Assessment of exposure to traffic-related pollutants.

We estimated distance of each participant’s residence to the nearest major road, including freeways, other highways, and arterial roads. Participant residence addresses were standardized, and their locations were geocoded to 13 m perpendicular to the side of the adjacent road, using the Tele Atlas Multinet road network data (Tele Atlas Inc., Menlo Park, CA). Distance to the nearest major road was estimated using ArcGIS software (version 8.3; Environmental Systems Research Institute Inc., Redlands, CA). Each direction of travel was represented as a separate roadway, and the shortest distance was estimated from the residence to the middle of the nearest side of the freeway or major road. We included in the analysis only children with addresses that could be accurately geocoded. Specifically, only residential addresses for which the Tele Atlas geocoding software assigned its highest-quality match code were included. These addresses are located on the correct side of the street with their relative position between cross-streets determined by linear interpolation of residence number between the nearest intersections.

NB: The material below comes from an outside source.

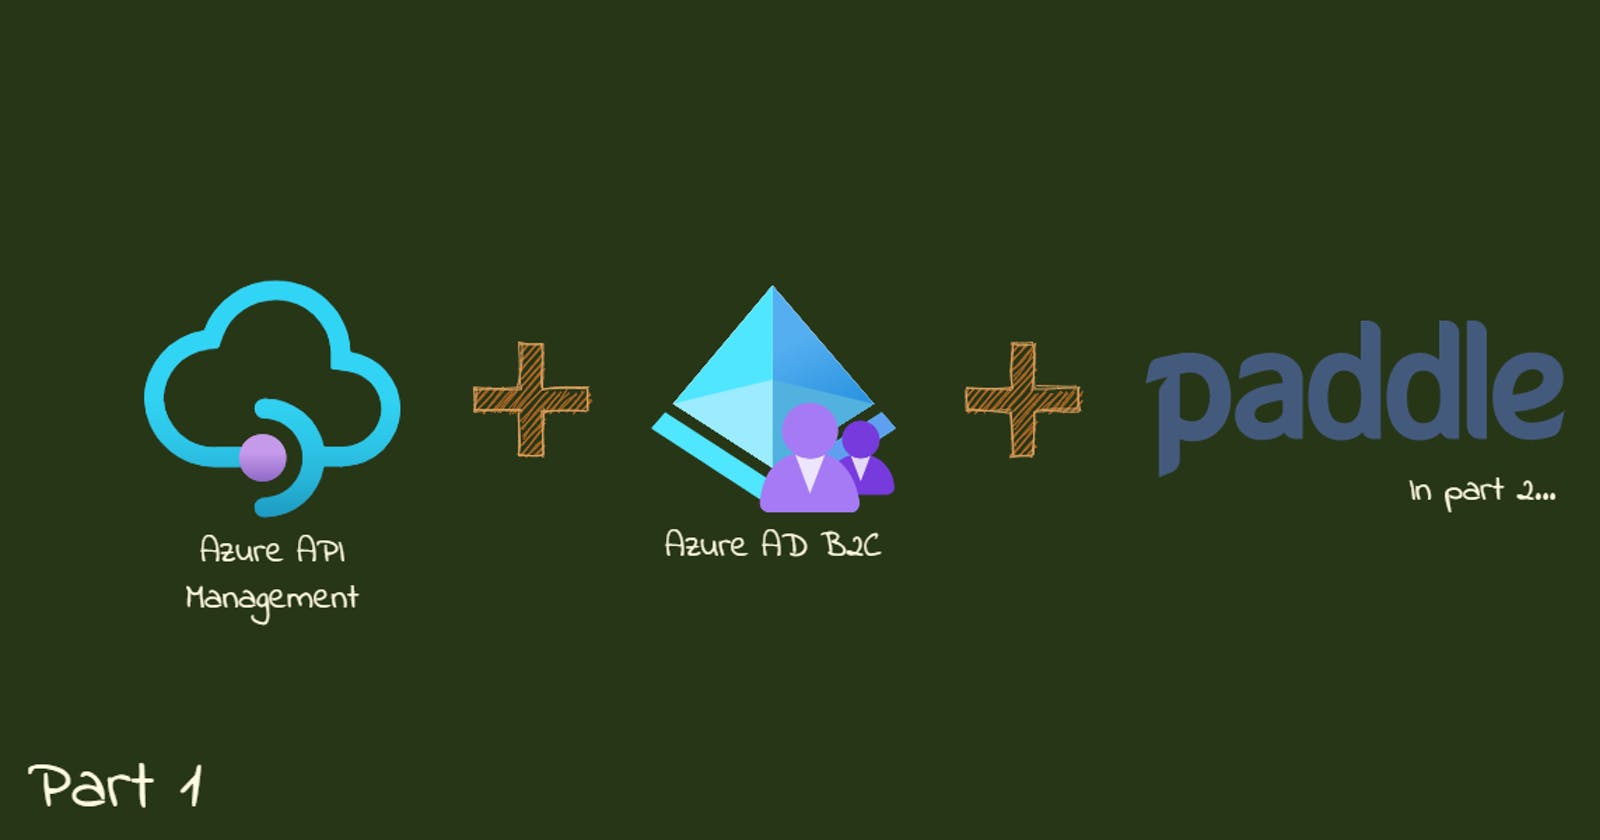 Connecting Azure API Management, Azure AD B2C, and Paddle with .net 5 Razor App, Part 1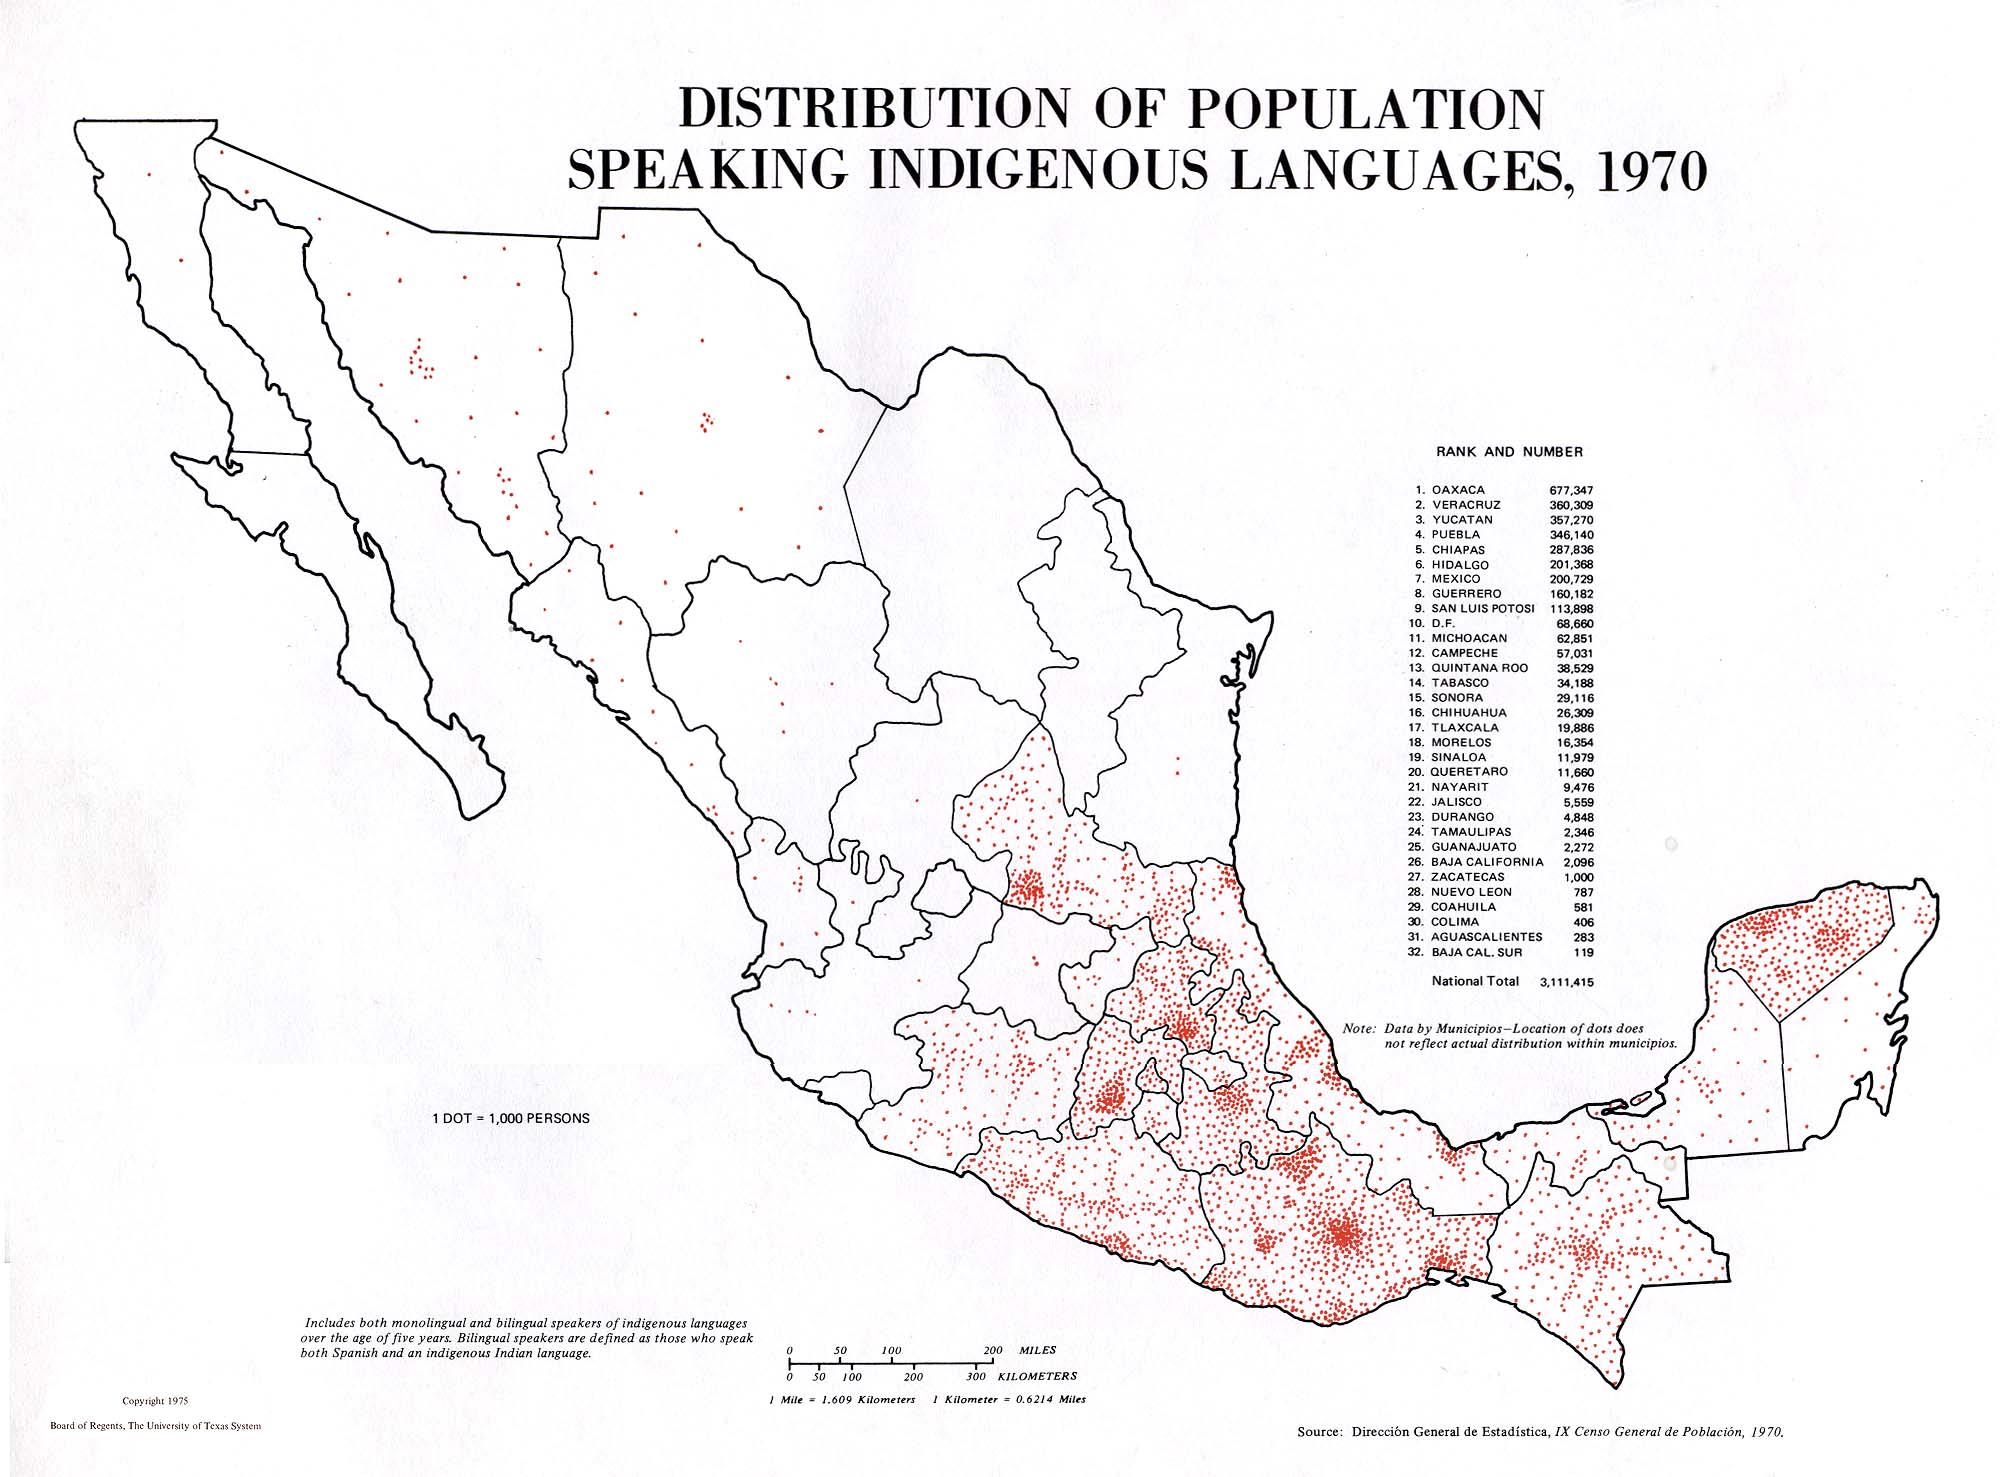 Lenguas Indígenas, México 1940, 1970

Residential distance to a major road was categorized as < 75 m, 75–150 m, > 150–300 m, and > 300 m, based on results of previous studies showing markedly increased exposure and risk of asthma within 75 m of large roadways, which decreased to background levels by 150–300 m (Gilbert et al. 2005; van Vliet et al. 1997; Venn et al. 2001; Zhu et al. 2002). We also estimated residential exposure to fresh traffic-modeled pollutants from local freeway and nonfreeway sources, accounting for traffic volume, wind speed, and direction in each community, using a line source dispersion model, as described in the accompanying online supplemental material (http://www.ehponline.org/members/2006/85​94/suppl.pdf ).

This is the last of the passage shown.